AIM OF THE EXERCISE: Beginning with the line of the entries below that holds "They say a pet's" and ending with the line that holds "#love #instagood #cute", transcribe each line exactly as written. Pictures stay out.

INPUT FOR THIS TASK:
****************
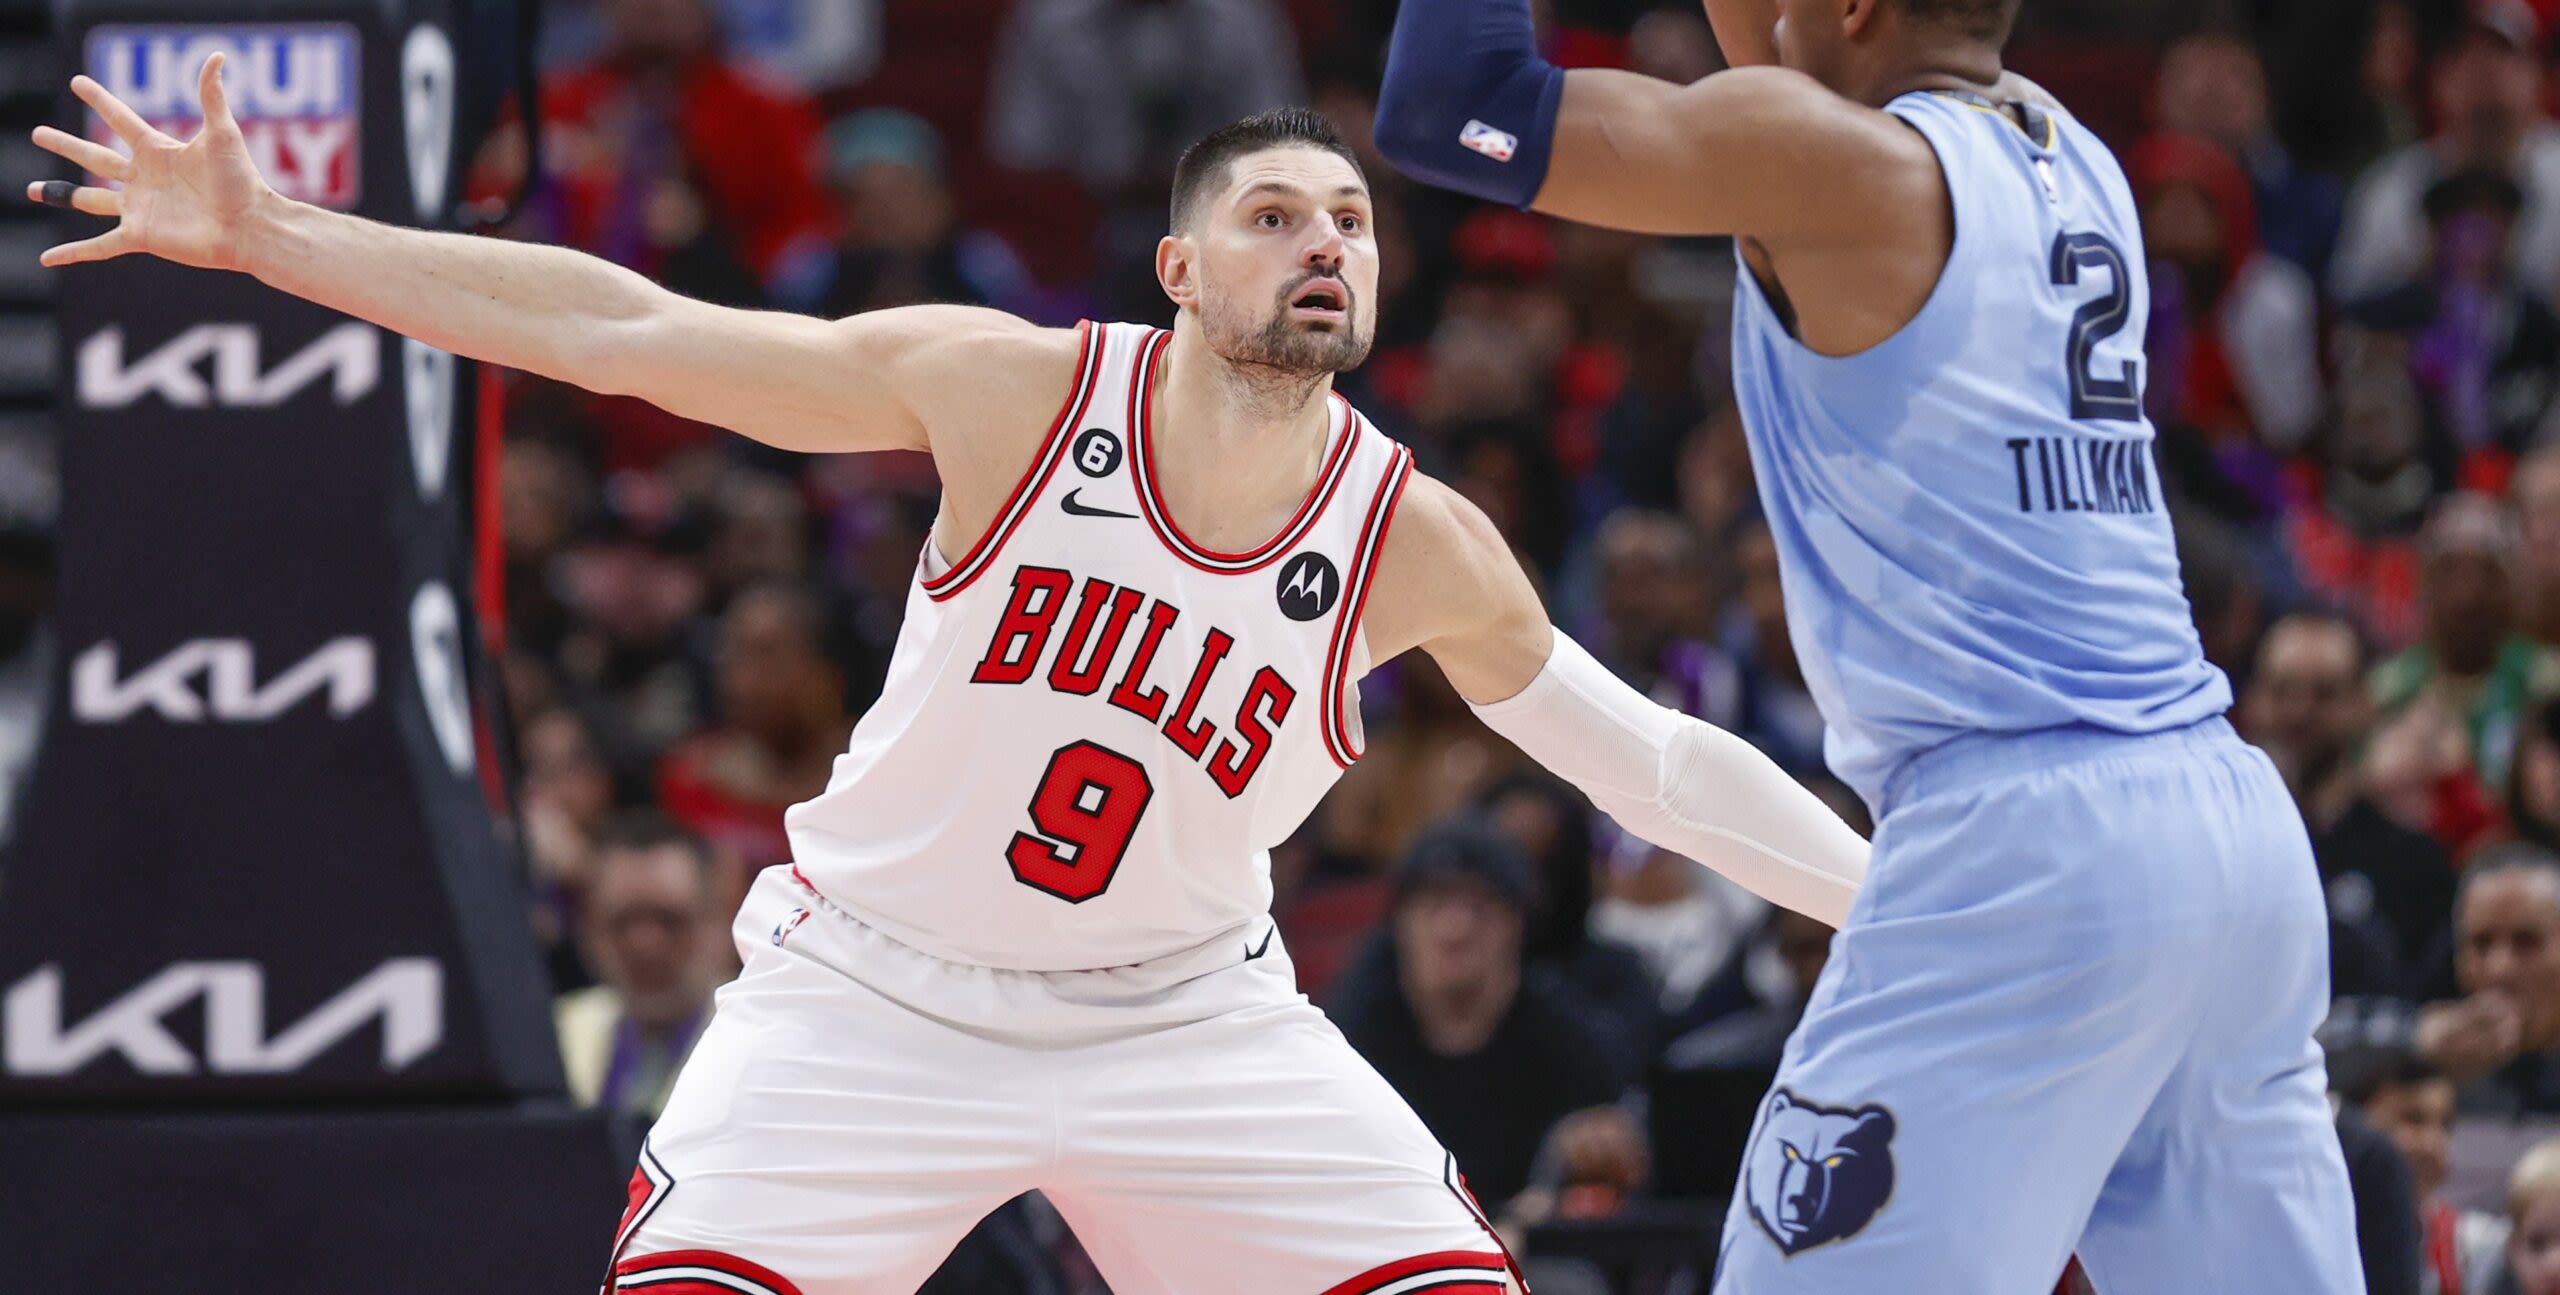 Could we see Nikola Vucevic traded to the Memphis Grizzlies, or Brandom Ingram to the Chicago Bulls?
****************
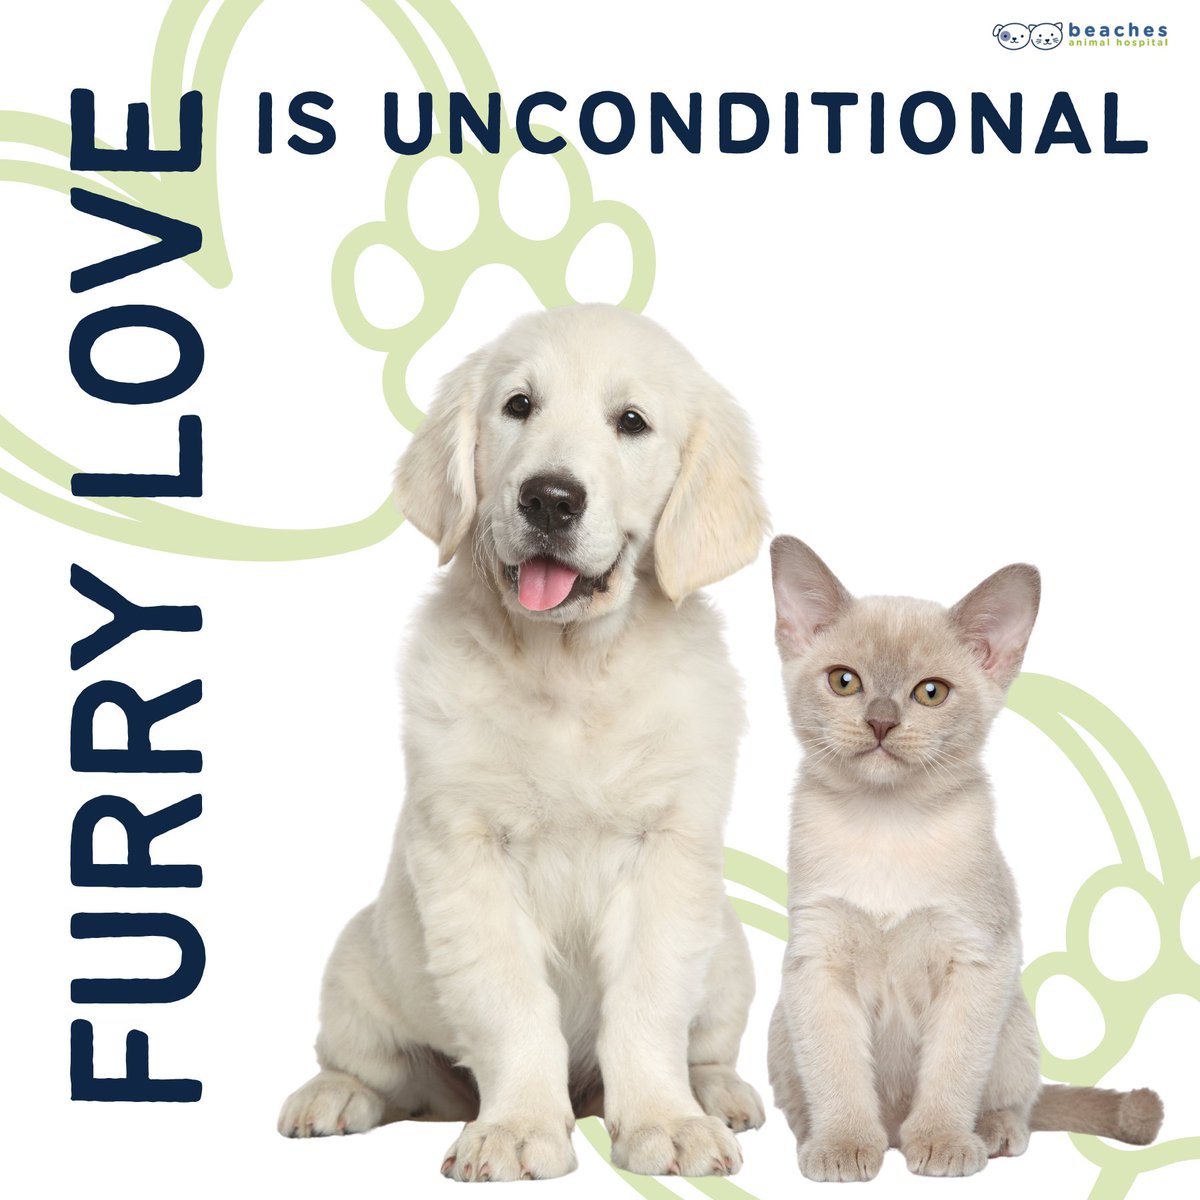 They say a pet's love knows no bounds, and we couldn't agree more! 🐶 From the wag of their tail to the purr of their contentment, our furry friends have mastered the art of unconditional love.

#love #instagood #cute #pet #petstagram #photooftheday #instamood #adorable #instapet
****************
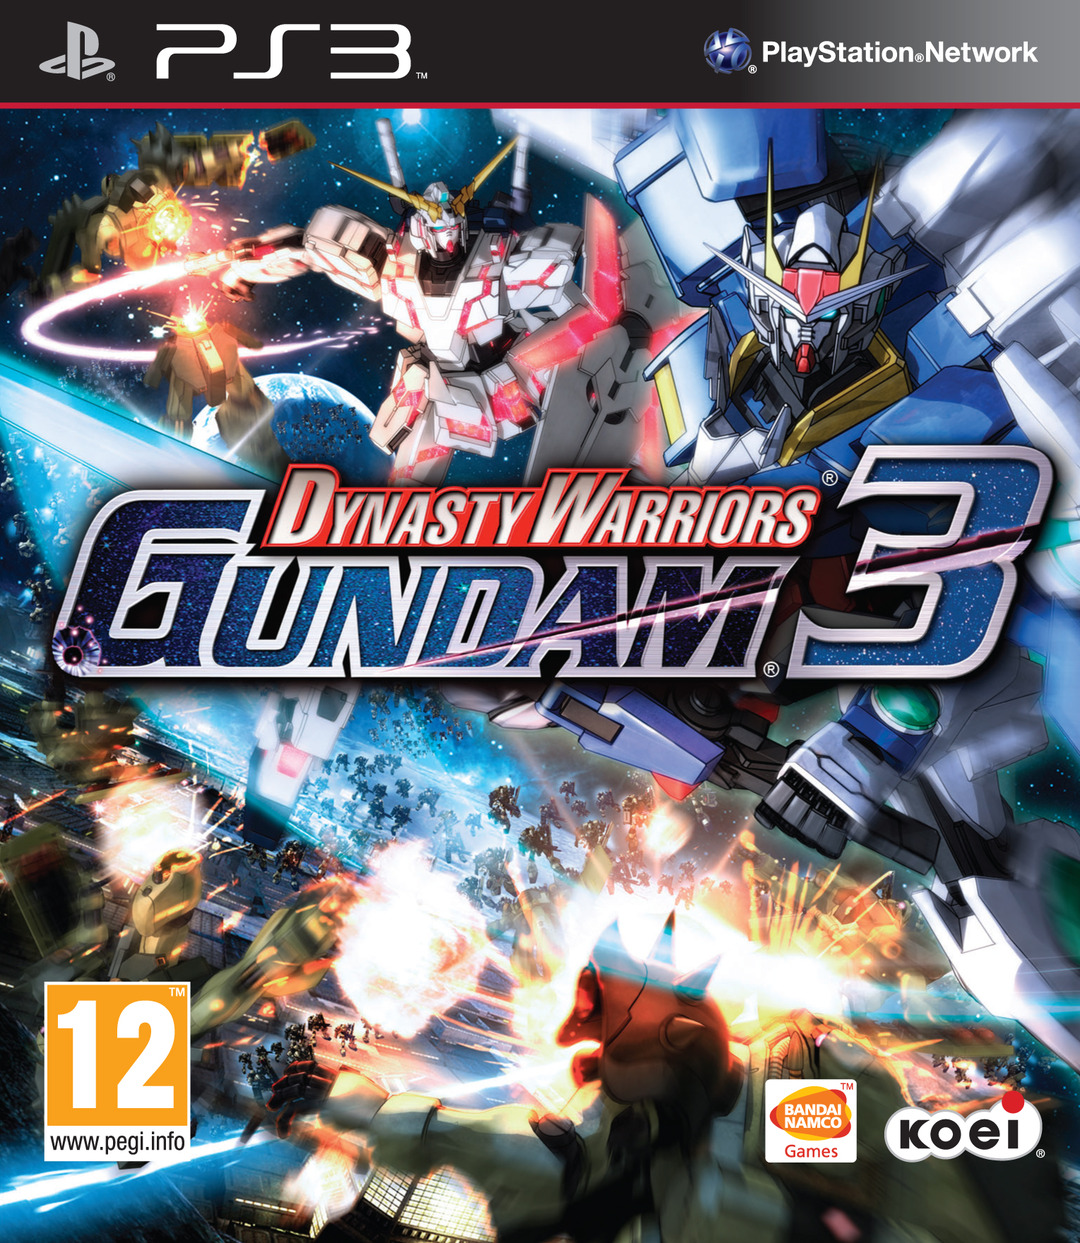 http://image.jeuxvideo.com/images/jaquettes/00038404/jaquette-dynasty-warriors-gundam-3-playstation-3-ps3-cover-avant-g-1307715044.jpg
****************
TASK RESULT:
 They say a pet's love knows no bounds, and we couldn't agree more! 🐶 From the wag of their tail to the purr of their contentment, our furry friends have mastered the art of unconditional love.

#love #instagood #cute #pet #petstagram #photooftheday #instamood #adorable #instapet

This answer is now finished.